The main reason for the dramatic decline is the more effective blocking mechanisms available to the authorities that have followed a law “on sovereign Russian internet”. That law forced providers to install special devices to control traffic, making blocking far more effective. They also enable the state to block VPN services. Despite this, between March and July, 2022, Russia was second in the world for VPN downloads.
We don’t know what will happen to Russia’s internet next year, but indications are not encouraging. So far, Russia’s authorities have shied away from the most radical step — a block on YouTube. Banning YouTube would “trigger another wave of interest in mechanisms to get round the block” and “greatly increase the load on Russian services that are barely ready to cope,” said parliamentary deputy Anton Gorelkin who has been at the forefront of legislative restrictions on the internet. Gorelkin added that YouTube, like any bad habit, should be suppressed gradually.
Isolated by visas and prices
Contrary to widespread fears, the Russian authorities did not close the country’s borders. However, 2022 still saw journeys outside of Russia — especially to the West — become more difficult and more expensive. Land borders to the European Union are almost completely closed to Russians with tourist visas, getting a visa is far more expensive and time-consuming and flights to Europe are two or three times more expensive.

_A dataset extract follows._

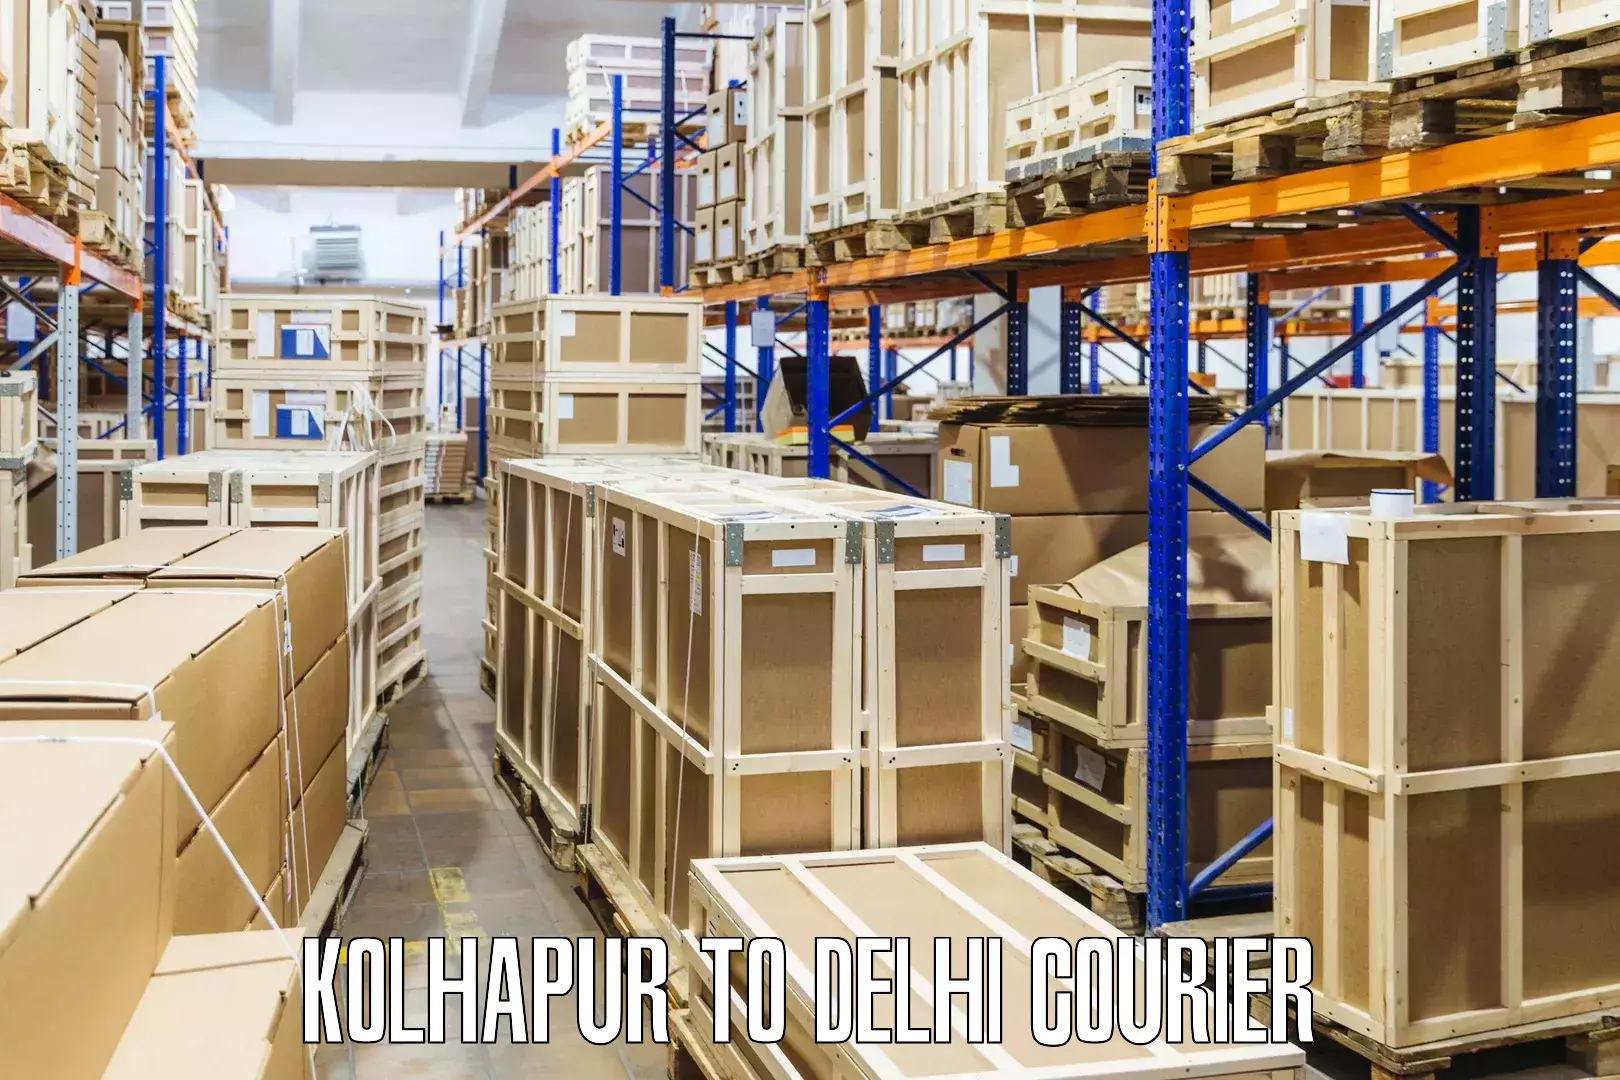 Personal parcel delivery Kolhapur to Jamia Millia Islamia New Delhi

A source close to the travel industry told The Bell that the average cost of tickets from Russia to Europe has increased from its pre-war average of €400 ($423) to between €1000 and €1500. Flight times have increased from an average 3-4 hours to 8-24 hours. The key factor is the need to fly via third-nation hubs such as Istanbul, Yerevan or Astana (because most of Europe’s airspace is closed to flights from Russia).
By the end of 2022, the total number of passengers carried by Russian airlines will be about 95 million. That’s down almost 15% compared with the previous year, or 26% compared with 2019 (before the pandemic), according to a source close to the aviation industry.